Not only did apocalyptic narratives generate fatalism instead of action, but more importantly, by framing climate change as a planetary problem necessarily requiring global governance and coordination, COP foreclosed more practical, interest-based approaches to decarbonisation rooted in energy sovereignty.
Any action taken by a single country was implicitly framed as futile; only coordinated global action counted. Moreover, the kind of state-directed industrial policies needed to actually build the infrastructure of decarbonisation ran counter to the market-oriented neoliberal zeitgeist. This logic delegitimised countries such as China, which were actually investing in decarbonisation through five-year plans, massive subsidies and deliberate manufacturing scale-up rather than multilateral consensus.
This framing, however, was not simply a strategic error; it was, in part, deliberate. COP took shape precisely as globalisation was being institutionally embedded: the first Rio conference in 1992 coincided with the signing of the Maastricht Treaty, which marked the birth of the European Union.
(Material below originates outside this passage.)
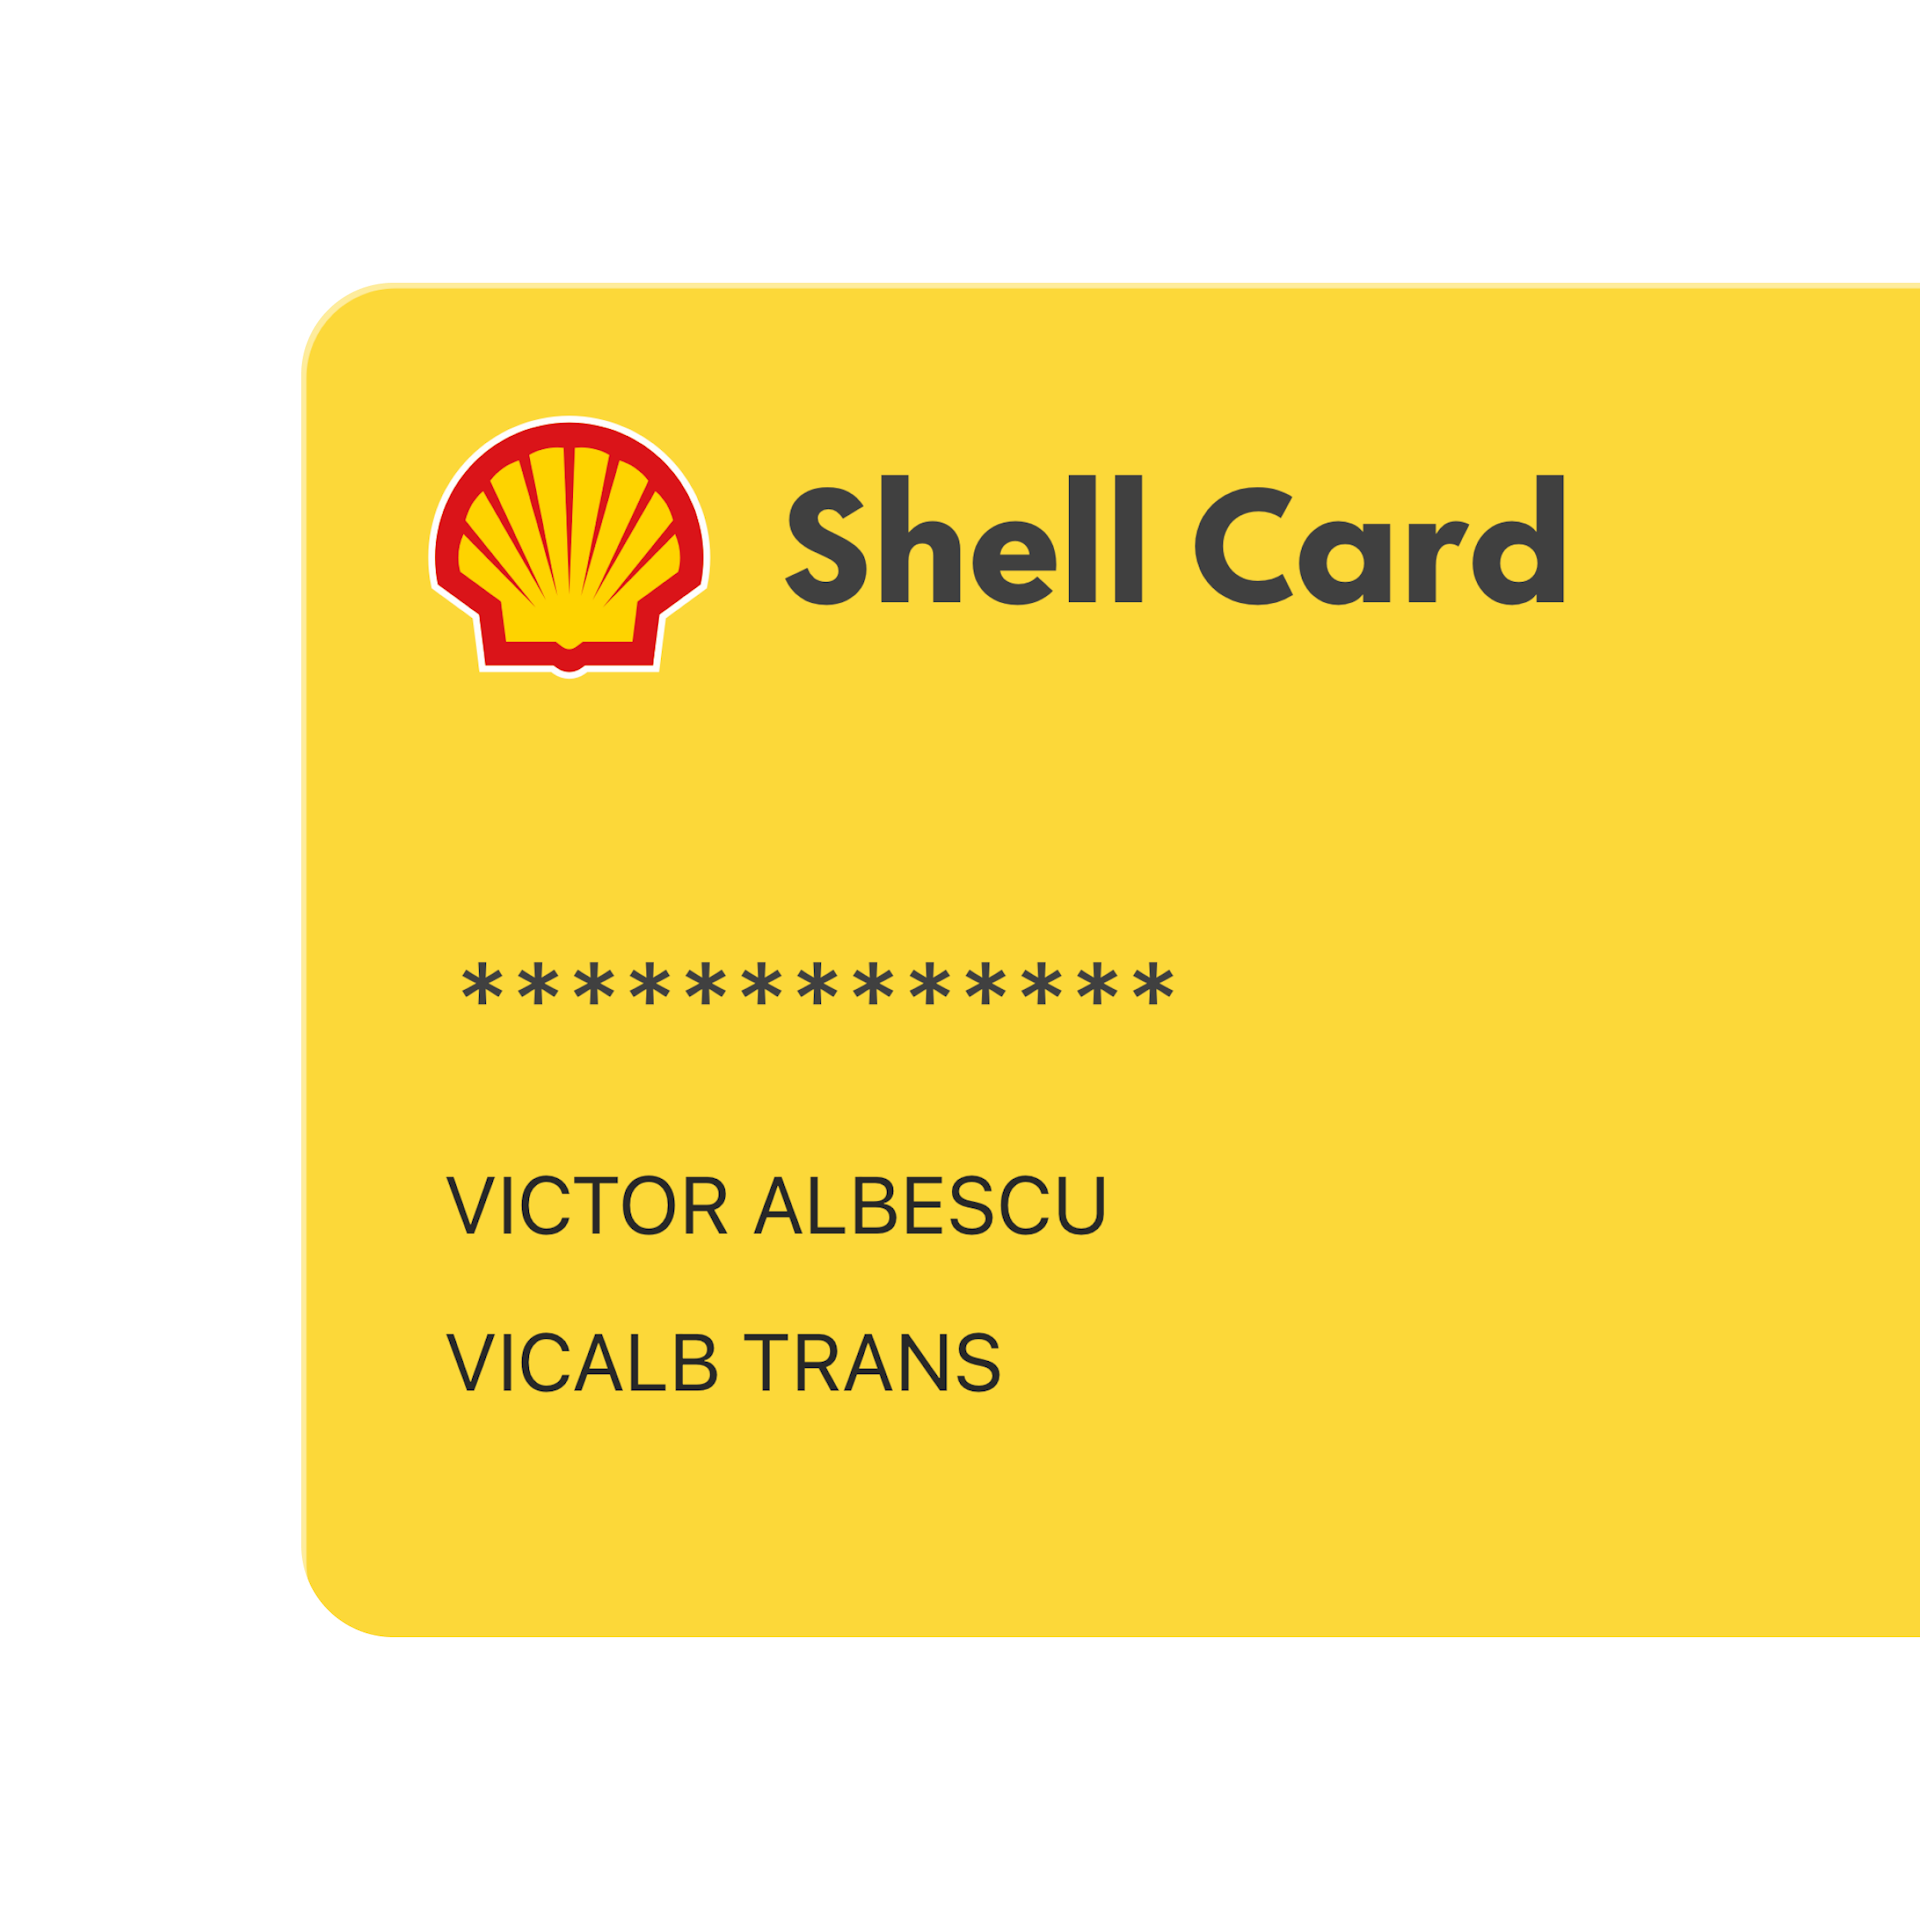 Shell card

Arguing that democratic decision-making had to give way to technocratic governance in the name of planetary salvation served to reinforce this broader supranational project.
This globalist orientation was compounded by the ideological makeup of the climate movement itself. Stemming predominantly from liberal internationalist and pseudo-Marxist traditions, most environmental activists and writers share those traditions’ hostility to the nation-state. In their view, national sovereignty is an obstacle to be overcome by international governance.
The result was predictable: more conservative and nationally oriented people and politicians came to associate any energy transition policy with globalism and its discontents, ensuring that the issue became entangled in the Western culture wars and depriving it of any positive, sovereignty-affirming interpretation.
But it’s not too late. As I argue in the article, for any country that is serious about sovereignty, security and long-term economic resilience, the case for reducing fossil fuel import dependence remains a strong and entirely self-interested one.
Read the article here. If you’re a paid subscriber and you can’t access the article write to me at thomasfazi82@gmail.com.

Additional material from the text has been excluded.